A reckoning means a settling of accounts. I’ve heard the word numerous times in the past week, since the insurrection in Washington, D.C.: “a day of reckoning”, “a racial reckoning”, “reckoning with our history”. It seems that we need to account for what has been taken in and paid out over the four centuries since we white people colonized this land. 

During those 400 years, we white people have exterminated most of the Indigenous people who called this land their home for thousands of years. We enslaved Africans to provide ourselves with guaranteed, free labor. When that system of permanent servitude was disrupted through abolition, we did whatever it took to import the labor of Latin American, Asian, Middle Eastern, and other peoples, to whom we assigned second-class status as soon as they arrived. And at the same time, we kept those who had been enslaved in a quasi-slavery, zero-class status. 

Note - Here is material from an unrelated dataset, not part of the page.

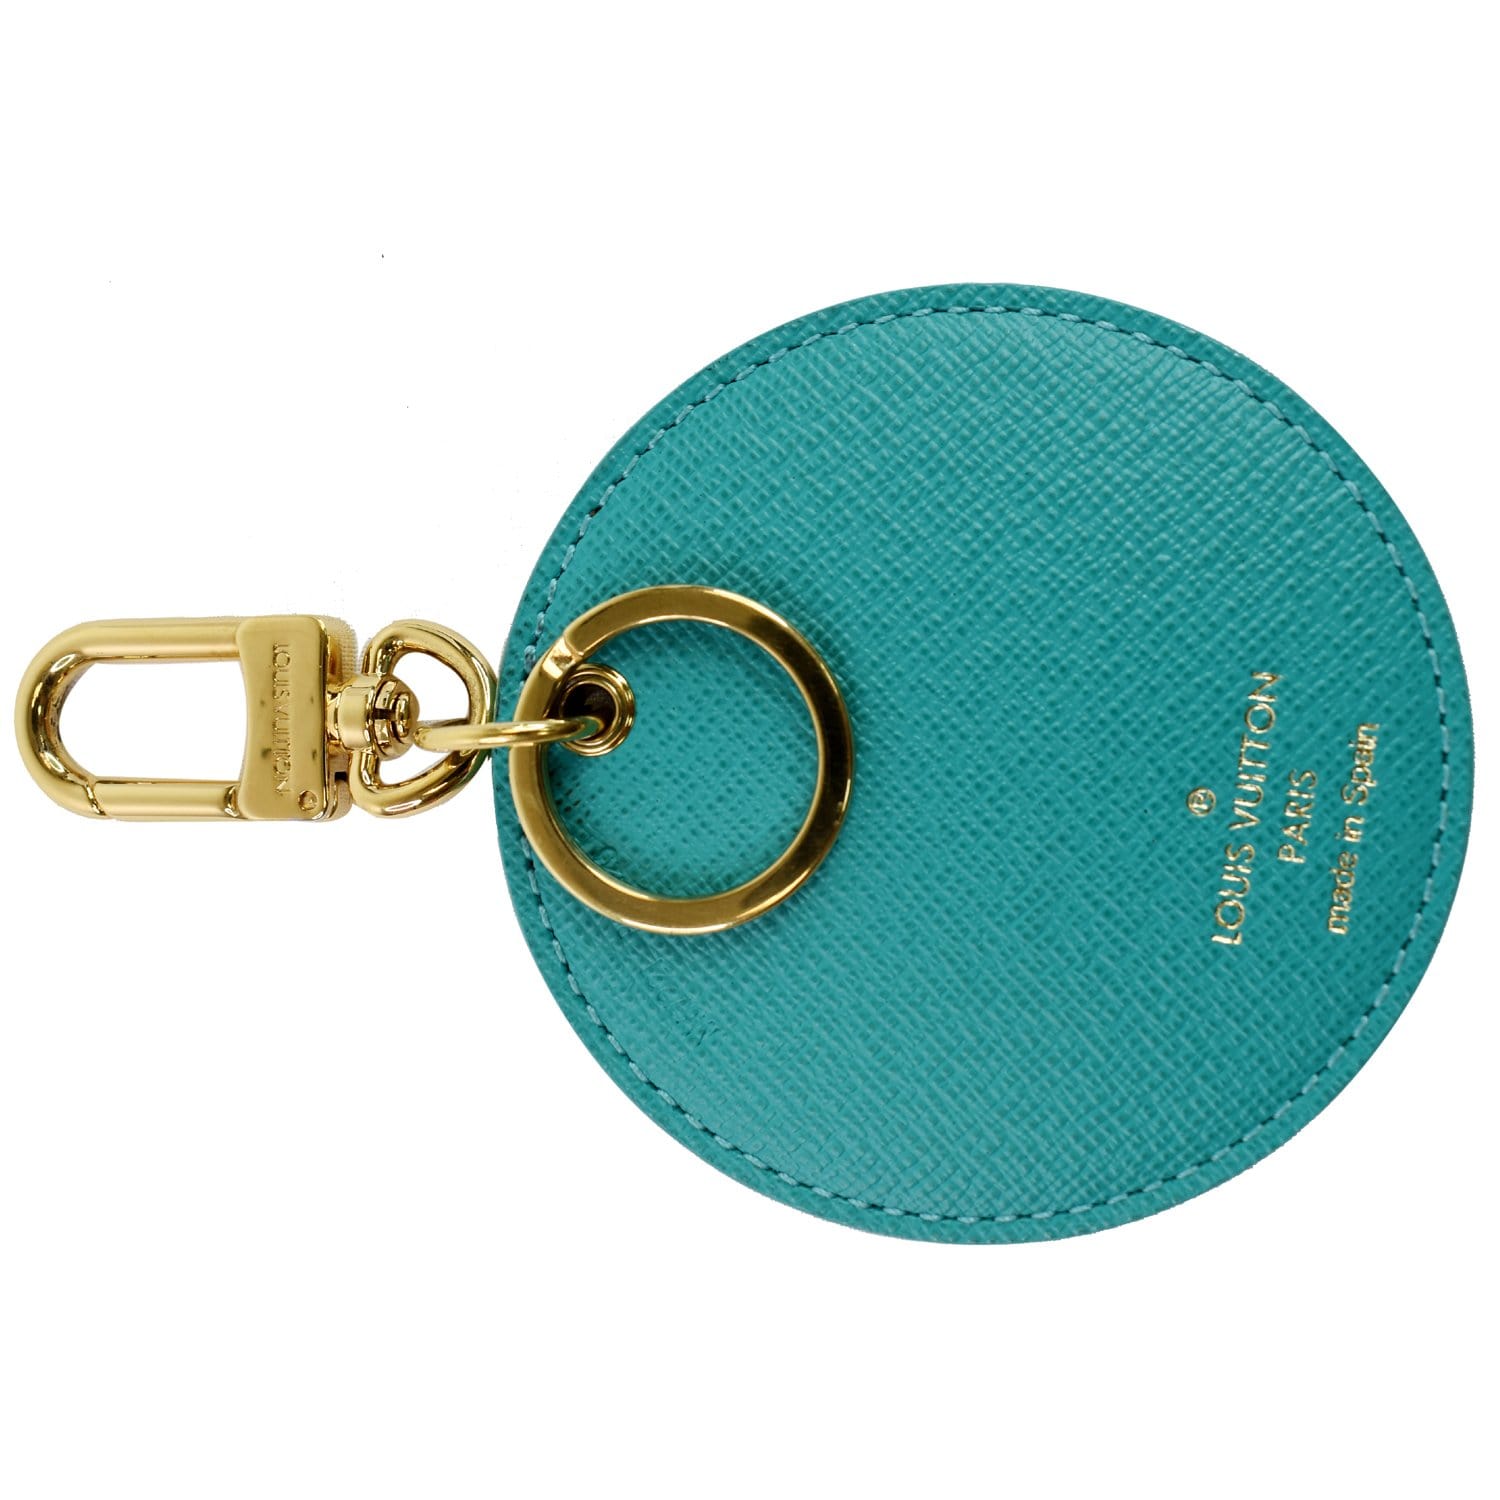 Louis Vuitton Circle Key Holder Bag Charm - SOLD

Of course, others view the balance of accounts very differently. They say that we did a favor for African people by enslaving them and bringing them here. They say that slavery was not as bad as people say — that it actually helped improve the character of Black people. The real damage was done by the North to white Southerners during the Civil War, they say, and we need to hold on to that damage and pay it back.

Still others say that was all so long ago anyway. There may have been some bad things that happened back then, but any damage that was done is so far in the past, we need to forget about it and move on, they say. People all have the same opportunities now, they say, and look, we had a Black president! 

So when everyone looks at the same set of accounts and sees different balances, how do we settle those accounts? How do we figure out what is just? How do we engage in that necessary reckoning? 

I don’t know what the answer is. 

I know the answer must hold empathy. It must hold emotion. It must hold taking others’ perspectives. As a middle-class, cis-gendered, heterosexual white man, I must build my empathy, emotion, and perspective-taking towards those people whose ancestors were enslaved and who continue to suffer oppression in today’s American culture. I must own the difference between how the would-be white insurrectionists were treated last week in Washington, D.C. and how Black Lives Matter protesters were treated all across this country this summer. 

I know the answer must hold my admission of the limits of my empathy, emotion, and perspective-taking, acknowledging freely that my ancestors never suffered and endured what enslaved Black people did, and that my ancestors have been granted privilege in this nation ever since they identified themselves as white. And that so I will never truly understand what that oppression feels like.

I know the answer must hold me speaking out against white supremacy in the nation’s capital and in the streets of my village. It must hold me identifying racism in others and in myself. 

Perhaps each of these small actions constitutes a payment on these imbalanced accounts. Not a full payment. Not even a down payment. Maybe a micro-payment, in which a lifetime of work by accomplices in racial justice will make some difference. But these accounts can never be balanced in the traditional sense. Black people and other people of color continue to pay forward their part by believing in the in democratic systems of this country and showing us again and again what it looks like to support those who need the support the most. Perhaps if they are gracious creditors and we white people continue to show our good faith by taking actions to bridge the racial divides in this nation, then one day we can get to a place where the accounts are no longer needed. 

If we work toward accountability and justice, and demonstrate that we white people are willing to sacrifice to achieve those goals, then maybe one day the accounts will be wiped clean. Until that day, we must make it our life’s work to repay this debt.